Further to the Chancellor’s Autumn Statement today and ahead of the publication of the Committee on Climate Change’s advice on the Fifth Carbon Budget tomorrow, the Aldersgate Group said that it was unlikely the Autumn Statement had done enough to allow the government to meet its environmental objectives effectively.
Recognising the difficult challenge faced by government in addressing the deficit, the Aldersgate Group welcomed the government’s decision to increase climate finance, maintain support for the purchase of low emission vehicles, commit to an increase in funding on low carbon heat and protect the budget of the FCO, a department which performs important functions in climate change diplomacy and in setting up trade opportunities for UK businesses.
However, it was unclear how the government’s proposal to increase funding for low carbon heat whilst saving £700m would help deliver the increase in low carbon heat required by the UK’s carbon budgets. The proposal to insulate one million homes during the course of this Parliament also amounts to a significant drop compared to the number of homes which took on energy efficiency measures during the course of the last Parliament.
Nick Molho, Executive Director of the Aldersgate Group said: “Without rapid investment in energy efficiency and low carbon heat at scale, it is difficult to see how the UK will meet its Fourth Carbon Budget at least cost and on time. The government needs to do much more to improve the energy efficiency of our building stock and explain how its new proposals will deliver the increase in low carbon heat that the Committee on Climate Change has been calling for. It is also unclear how the government intends to allow further investment in cost-effective renewable electricity projects outside of the offshore wind auctions announced last week.”
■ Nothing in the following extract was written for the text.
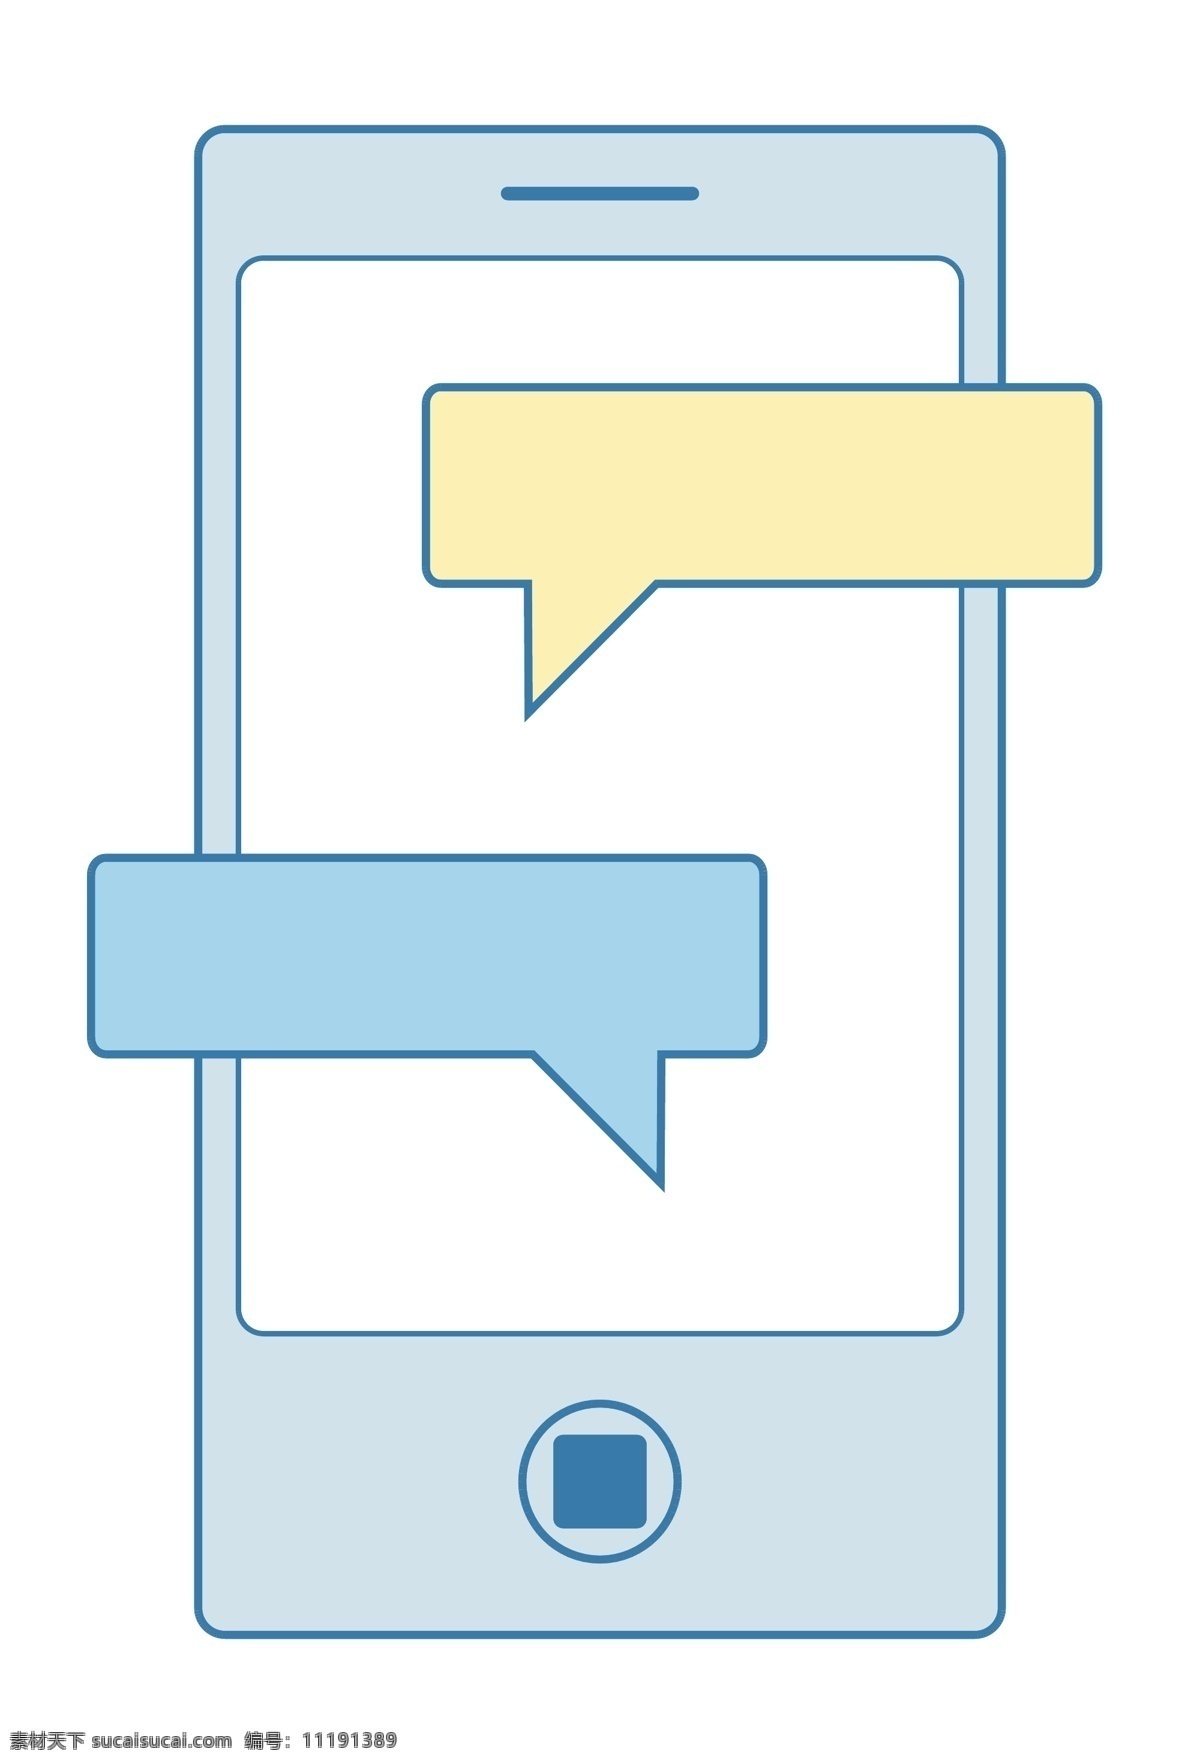 蓝色 手机 扁平 卡通图标 对话框 手机销售 矢量图 扁平化 蓝色手机 平板 icon 手机营销

The Aldersgate Group however welcomed the Government’s increased focus on apprenticeships and highlighted that a comprehensive strategy was needed to ensure the UK’s workforce was equipped to benefit from the employment opportunities that the transition to a low carbon economy had to offer. This will be the subject of a major Aldersgate Group event in Parliament next week.
Referring to the spending cuts of 15% at DEFRA at 22% at DECC in particular, Nick Molho said:
“Government departments such as DEFRA and its regulatory agencies provide important – and often overlooked – services that are key to the effective functioning of our economy. These include providing access to high quality natural resources such as water and interpreting UK and EU environmental legislation in a way that is pragmatic and can support business innovation. The implementation of the different settlement plans must ensure that these government departments and their regulatory agencies have sufficient resources to continue providing these services effectively.”
Pointing to the fact that businesses were awaiting clear policy signals to increase investments in the UK’s natural capital, Nick Molho added:
“As the Aldersgate Group highlighted in its report last week, the government has the opportunity to drive greater levels of private investment in improving the state of the UK’s natural assets in a way that would support the competitiveness of the UK economy and wouldn’t jeopardise its objective of tackling the deficit. Doing this requires greater policy co-ordination between government departments to support projects that are mutually beneficial and helping support the financing of natural capital projects by making existing subsidy schemes more efficient and developing markets for ecosystem services.”